**EXERCISE:**
Without including any pictures, write out the data below exactly.

**GIVEN MATERIAL:**
══════════════════════════════

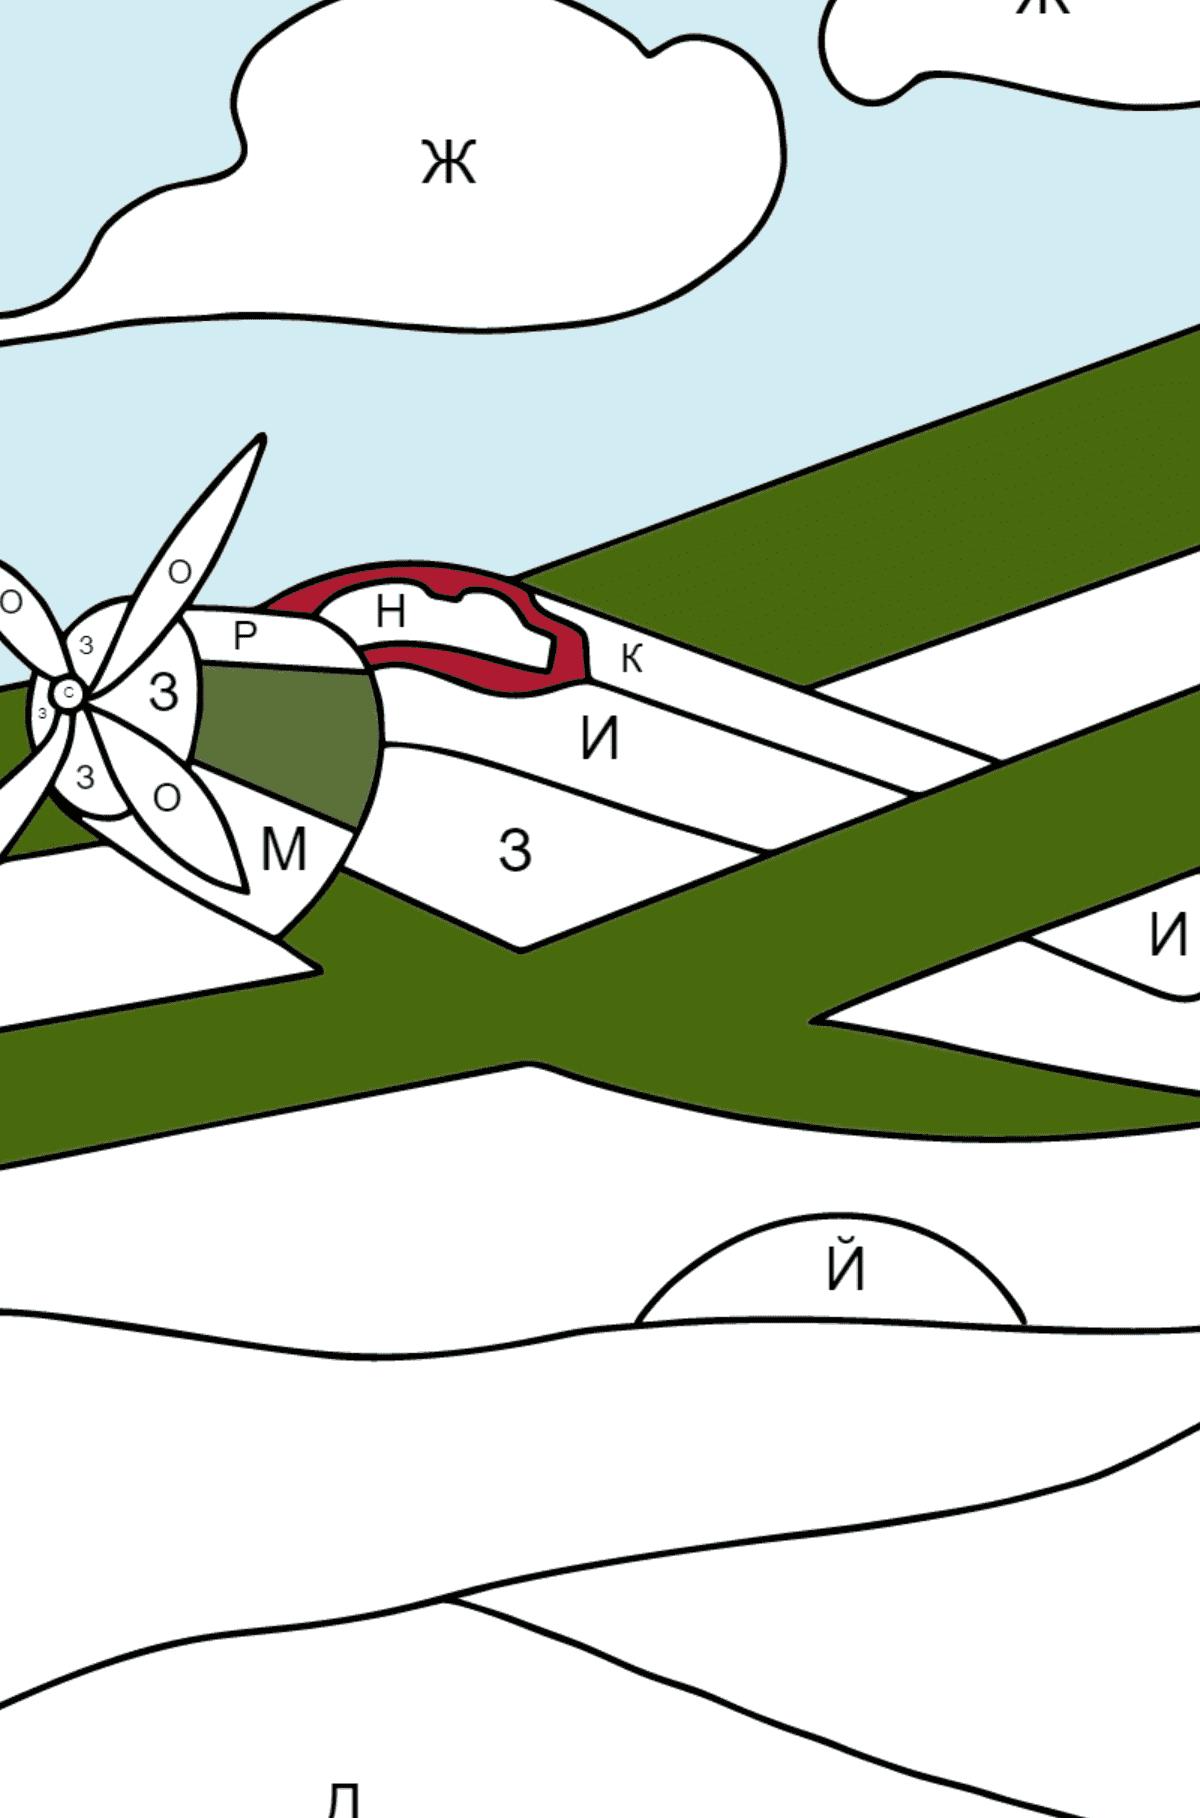 Раскраска биплан - Раскраска по Буквам для Детей
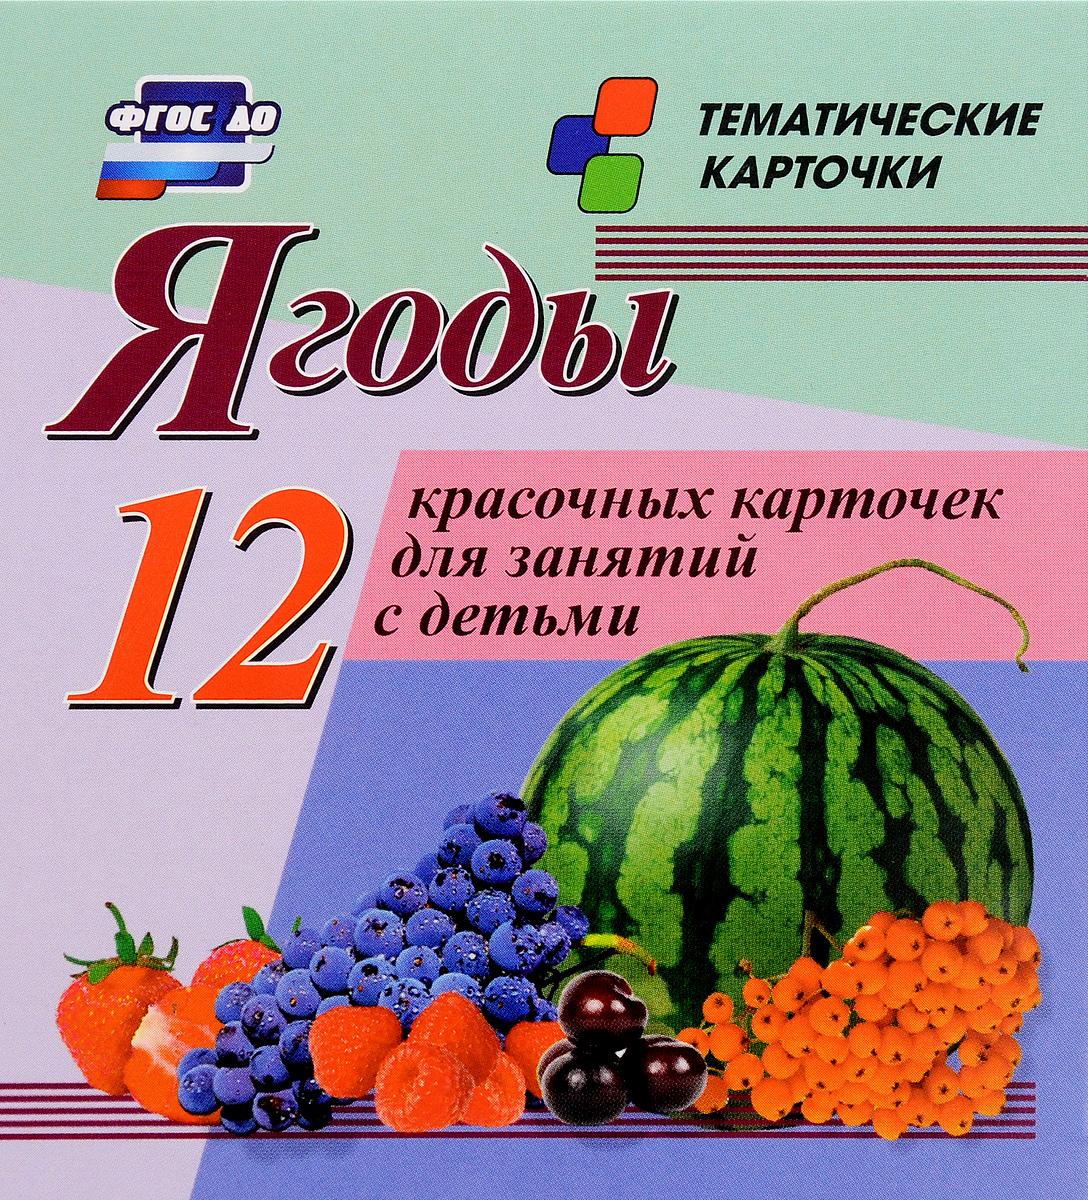 Ягоды (12 красочных карточек)
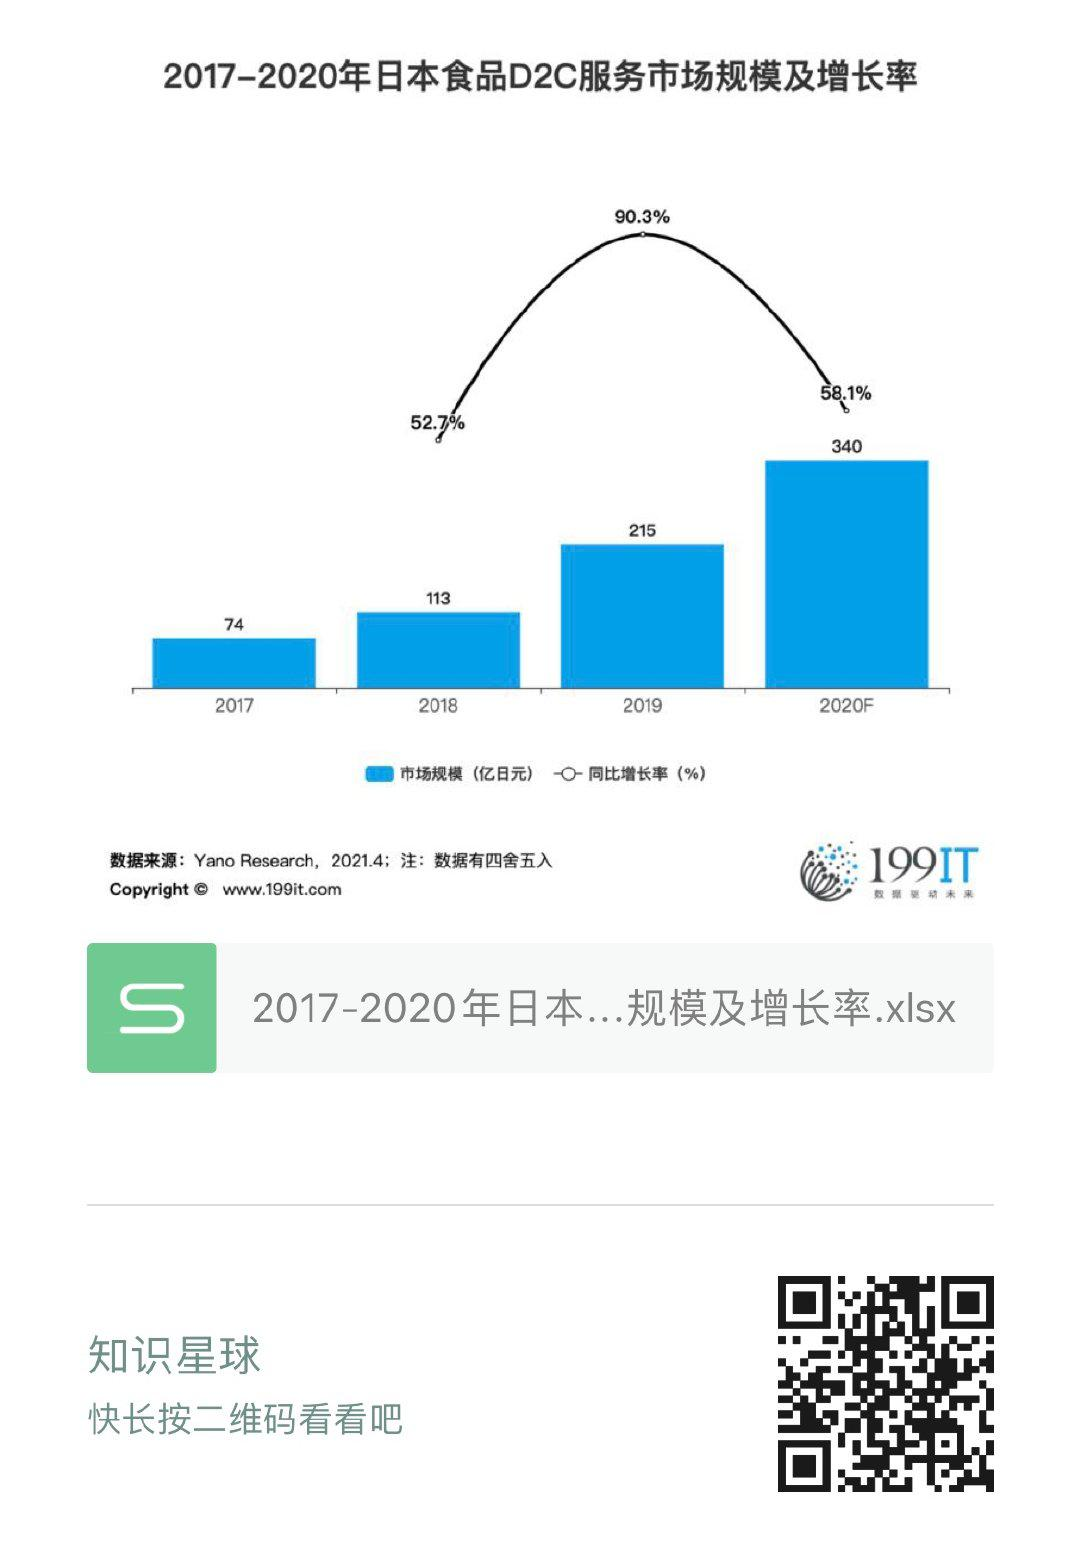 2017-2020年日本食品D2C服務市場規模及增長率(附原資料表) 
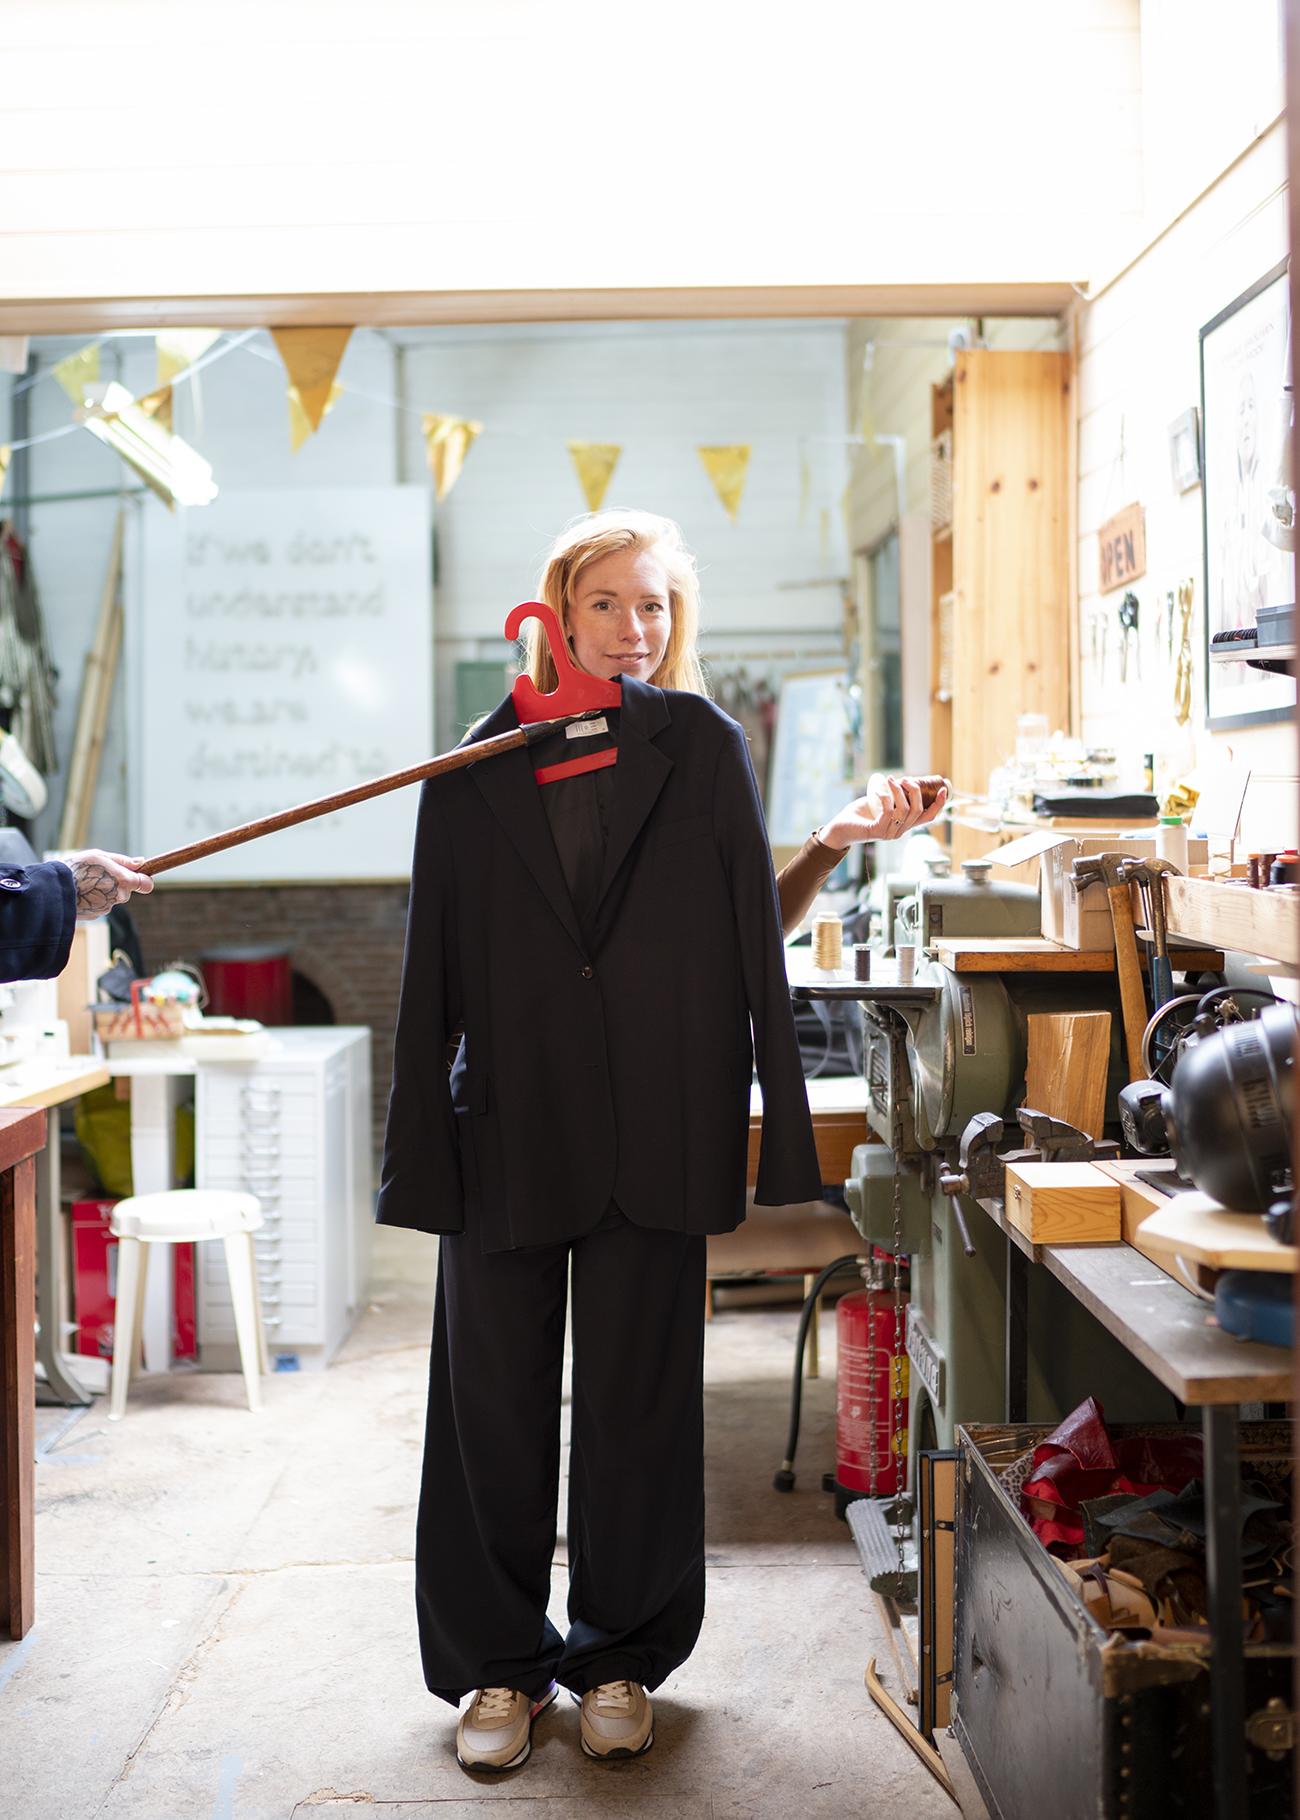 vrouw past jas in winkel

══════════════════════════════

**EXERCISE SOLUTION:**
 Раскраска биплан - Раскраска по Буквам для Детей
 Ягоды (12 красочных карточек)
 2017-2020年日本食品D2C服務市場規模及增長率(附原資料表) 
 vrouw past jas in winkel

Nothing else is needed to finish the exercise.